Notwithstanding the above reservation, in a circumstance such as this, where Respondent has not contested the transfer of the disputed domain name but instead agrees to transfer the domain name in question to Complainant, the Panel has decided to accept the Response in making its decision, and notes that Respondent has chosen not to challenge any of Complainant’s assertions but, rather, to agree to transfer the disputed domain names to Complainant in satisfaction of Complainant’s requested remedy. (See Boehringer Ingelheim Int’l GmbH v. Modern Ltd. – Cayman Web Dev., FA 133625 (Nat. Arb. Forum Jan. 9, 2003) (transferring the domain name registration where the respondent stipulated to the transfer); see also Malev Hungarian Airlines, Ltd. v. Vertical Axis Inc., FA 212653 (Nat Arb. Forum Jan. 13, 2004) (“In this case, the parties have both asked for the domain name to be transferred to the Complainant . . . Since the requests of the parties in this case are identical, the Panel has no scope to do anything other than to recognize the common request, and it has no mandate to make findings of fact or of compliance (or not) with the Policy.”); see also Disney Enters., Inc. v.
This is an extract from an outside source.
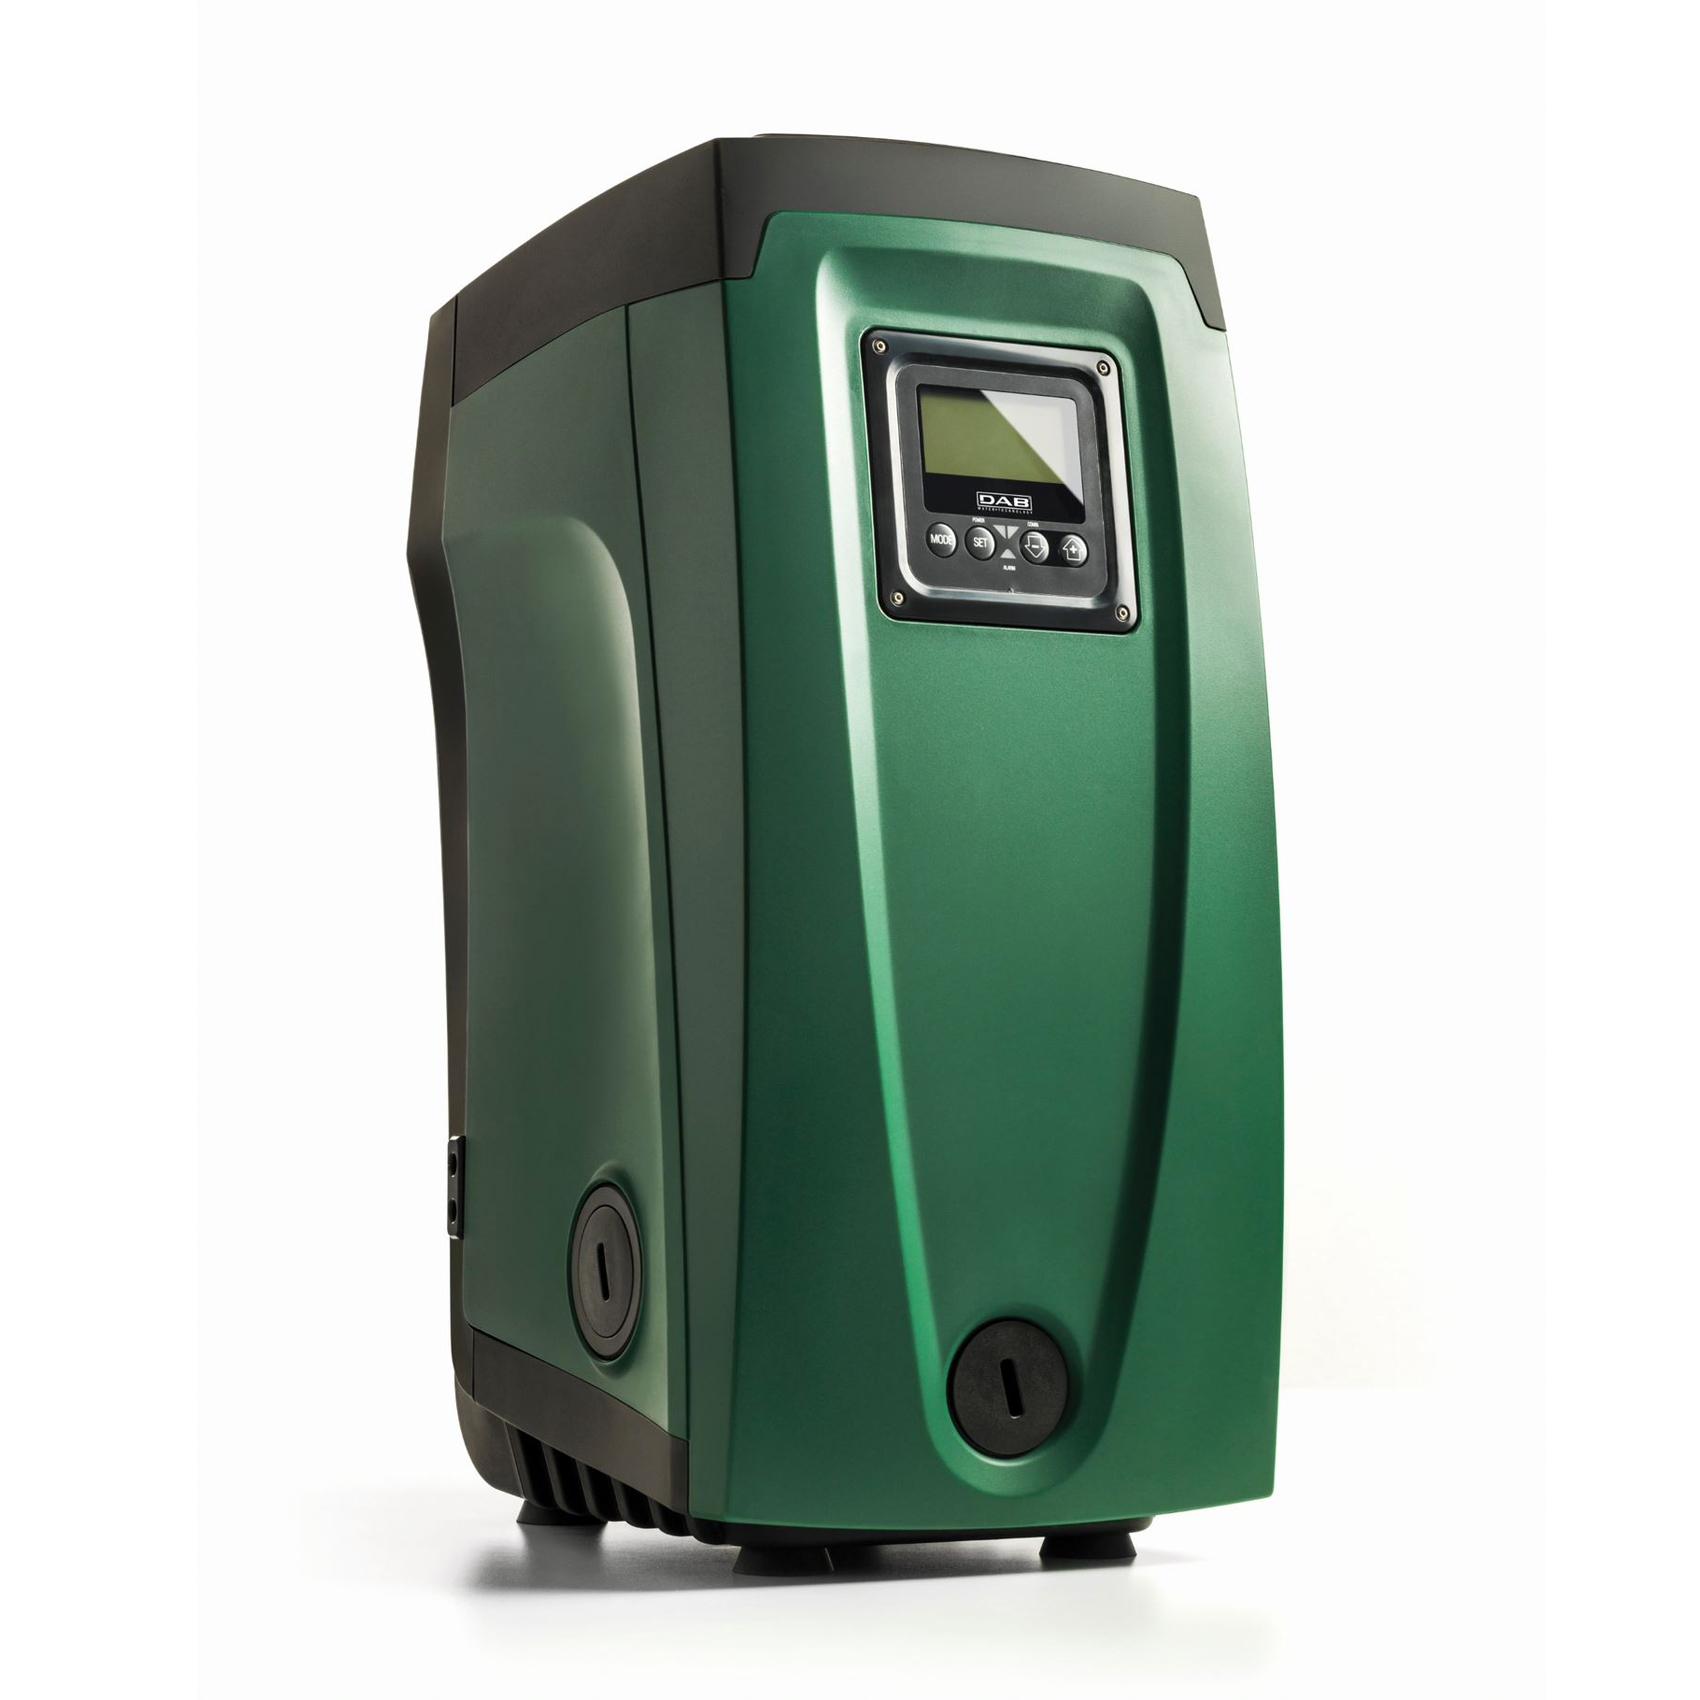 DAB Easybox DIN1988-500
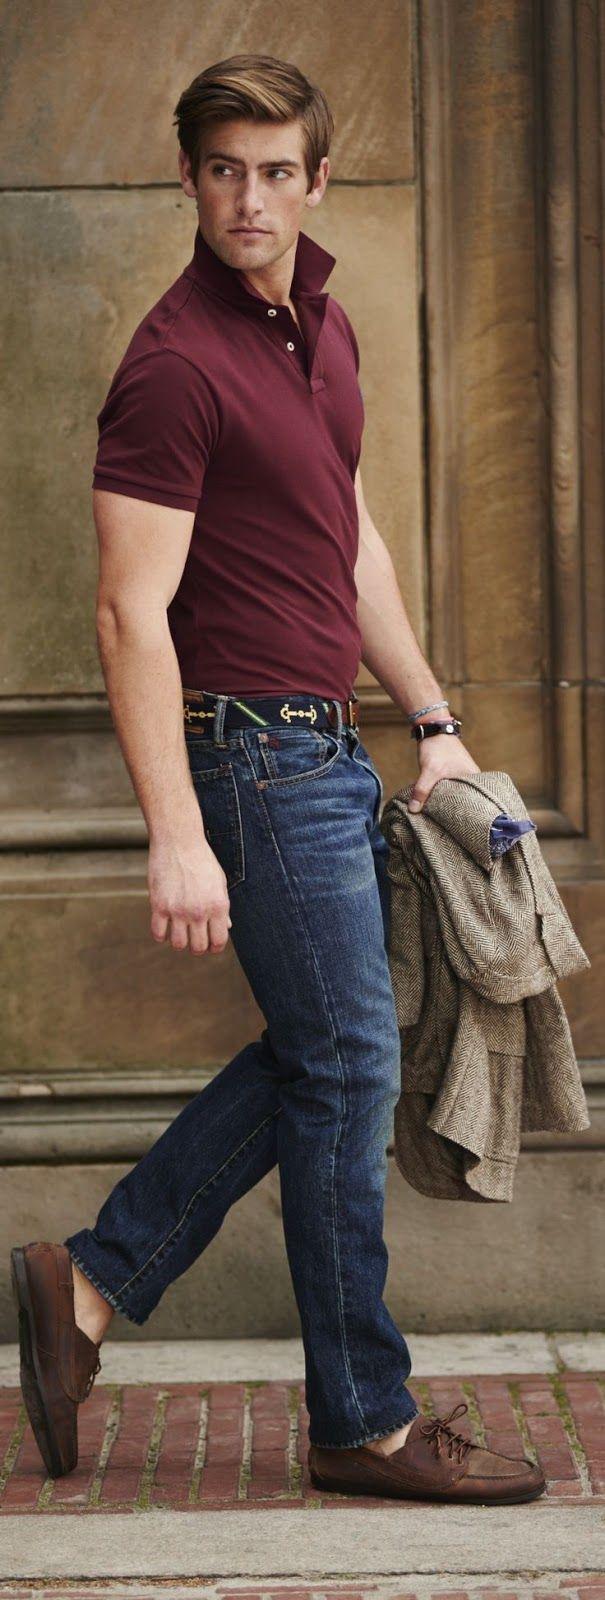 moda2Bhombre-jeans-azul-y-classic-polo-camisa-and-zapato-1.jpg (605×1600)

Morales, FA 475191 (Nat. Arb. Forum June 24, 2005) (“[U]nder such circumstances, where Respondent has agreed to comply with Complainant’s request, the Panel felt it to be expedient and judicial to forego the traditional UDRP analysis and order the transfer of the domain names.”).

 

DECISION

Respondent has stipulated that the domain name <statefarm-car-insurance.com> be transferred to Complainant, and, accordingly, the Panel concludes that relief shall be GRANTED.

 

Accordingly, it is Ordered that the <statefarm-car-insurance.com> domain name be TRANSFERRED from Respondent to Complainant.